Listed entries ::
--

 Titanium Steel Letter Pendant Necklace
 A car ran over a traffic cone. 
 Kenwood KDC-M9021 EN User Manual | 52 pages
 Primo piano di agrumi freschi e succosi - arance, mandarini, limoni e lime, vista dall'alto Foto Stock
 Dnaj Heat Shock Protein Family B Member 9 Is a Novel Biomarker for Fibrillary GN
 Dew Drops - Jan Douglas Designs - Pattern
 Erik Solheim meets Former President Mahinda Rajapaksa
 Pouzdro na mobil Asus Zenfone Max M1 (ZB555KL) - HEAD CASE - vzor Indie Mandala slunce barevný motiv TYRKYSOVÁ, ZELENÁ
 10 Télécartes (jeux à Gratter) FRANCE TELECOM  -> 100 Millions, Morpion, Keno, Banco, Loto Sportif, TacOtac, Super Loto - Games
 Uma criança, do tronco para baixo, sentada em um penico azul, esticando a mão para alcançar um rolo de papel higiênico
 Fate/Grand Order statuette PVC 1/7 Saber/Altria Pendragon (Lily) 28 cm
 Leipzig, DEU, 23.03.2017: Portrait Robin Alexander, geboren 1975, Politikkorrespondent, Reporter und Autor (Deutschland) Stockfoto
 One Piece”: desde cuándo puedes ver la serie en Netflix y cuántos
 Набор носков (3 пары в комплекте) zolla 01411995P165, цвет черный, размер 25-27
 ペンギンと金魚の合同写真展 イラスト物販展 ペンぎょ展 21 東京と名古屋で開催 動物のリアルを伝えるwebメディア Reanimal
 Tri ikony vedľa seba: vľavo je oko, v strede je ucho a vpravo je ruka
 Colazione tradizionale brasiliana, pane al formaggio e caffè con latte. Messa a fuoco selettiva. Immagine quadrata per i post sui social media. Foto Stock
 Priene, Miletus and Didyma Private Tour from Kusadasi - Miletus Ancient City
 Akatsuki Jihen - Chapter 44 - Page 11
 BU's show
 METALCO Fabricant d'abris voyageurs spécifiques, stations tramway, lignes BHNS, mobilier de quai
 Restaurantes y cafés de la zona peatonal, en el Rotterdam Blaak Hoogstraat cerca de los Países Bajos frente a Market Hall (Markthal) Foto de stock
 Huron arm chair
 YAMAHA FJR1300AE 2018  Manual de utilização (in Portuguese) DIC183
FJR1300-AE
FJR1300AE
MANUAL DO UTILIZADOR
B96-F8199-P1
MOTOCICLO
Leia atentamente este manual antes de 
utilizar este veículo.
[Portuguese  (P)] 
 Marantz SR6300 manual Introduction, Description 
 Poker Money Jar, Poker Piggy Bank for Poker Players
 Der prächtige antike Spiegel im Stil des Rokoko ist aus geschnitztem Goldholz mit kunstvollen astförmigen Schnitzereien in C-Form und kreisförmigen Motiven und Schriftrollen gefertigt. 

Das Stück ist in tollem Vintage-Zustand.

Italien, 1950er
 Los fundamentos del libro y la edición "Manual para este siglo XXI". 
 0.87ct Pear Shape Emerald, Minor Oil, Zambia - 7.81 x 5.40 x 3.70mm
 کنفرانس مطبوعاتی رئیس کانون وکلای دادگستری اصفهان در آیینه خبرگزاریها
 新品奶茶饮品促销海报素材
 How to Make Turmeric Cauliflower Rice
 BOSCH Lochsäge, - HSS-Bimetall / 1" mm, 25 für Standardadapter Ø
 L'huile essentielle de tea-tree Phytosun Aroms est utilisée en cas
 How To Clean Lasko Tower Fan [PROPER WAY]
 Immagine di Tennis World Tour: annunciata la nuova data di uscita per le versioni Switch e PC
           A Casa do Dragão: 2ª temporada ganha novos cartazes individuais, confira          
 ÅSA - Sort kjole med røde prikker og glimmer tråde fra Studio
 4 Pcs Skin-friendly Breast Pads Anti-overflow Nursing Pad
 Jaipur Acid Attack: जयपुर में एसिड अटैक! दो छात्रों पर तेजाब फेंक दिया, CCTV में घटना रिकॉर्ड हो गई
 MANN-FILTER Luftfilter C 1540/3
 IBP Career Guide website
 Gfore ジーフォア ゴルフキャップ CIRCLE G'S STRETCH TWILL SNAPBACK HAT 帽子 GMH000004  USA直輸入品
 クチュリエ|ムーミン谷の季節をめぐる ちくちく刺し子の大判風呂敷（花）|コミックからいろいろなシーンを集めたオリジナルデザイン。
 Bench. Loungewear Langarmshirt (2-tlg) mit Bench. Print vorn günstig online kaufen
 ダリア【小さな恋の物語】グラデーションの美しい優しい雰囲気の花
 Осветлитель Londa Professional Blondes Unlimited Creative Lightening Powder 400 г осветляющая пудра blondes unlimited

--

Work order ::
Your task is to restate, word for word, only those lines above that fall between the line holding "Kenwood KDC-M9021 EN User Manual | 52 pages" and the line holding "Dnaj Heat Shock", inclusive.

Answer to this problem ::
 Kenwood KDC-M9021 EN User Manual | 52 pages
 Primo piano di agrumi freschi e succosi - arance, mandarini, limoni e lime, vista dall'alto Foto Stock
 Dnaj Heat Shock Protein Family B Member 9 Is a Novel Biomarker for Fibrillary GN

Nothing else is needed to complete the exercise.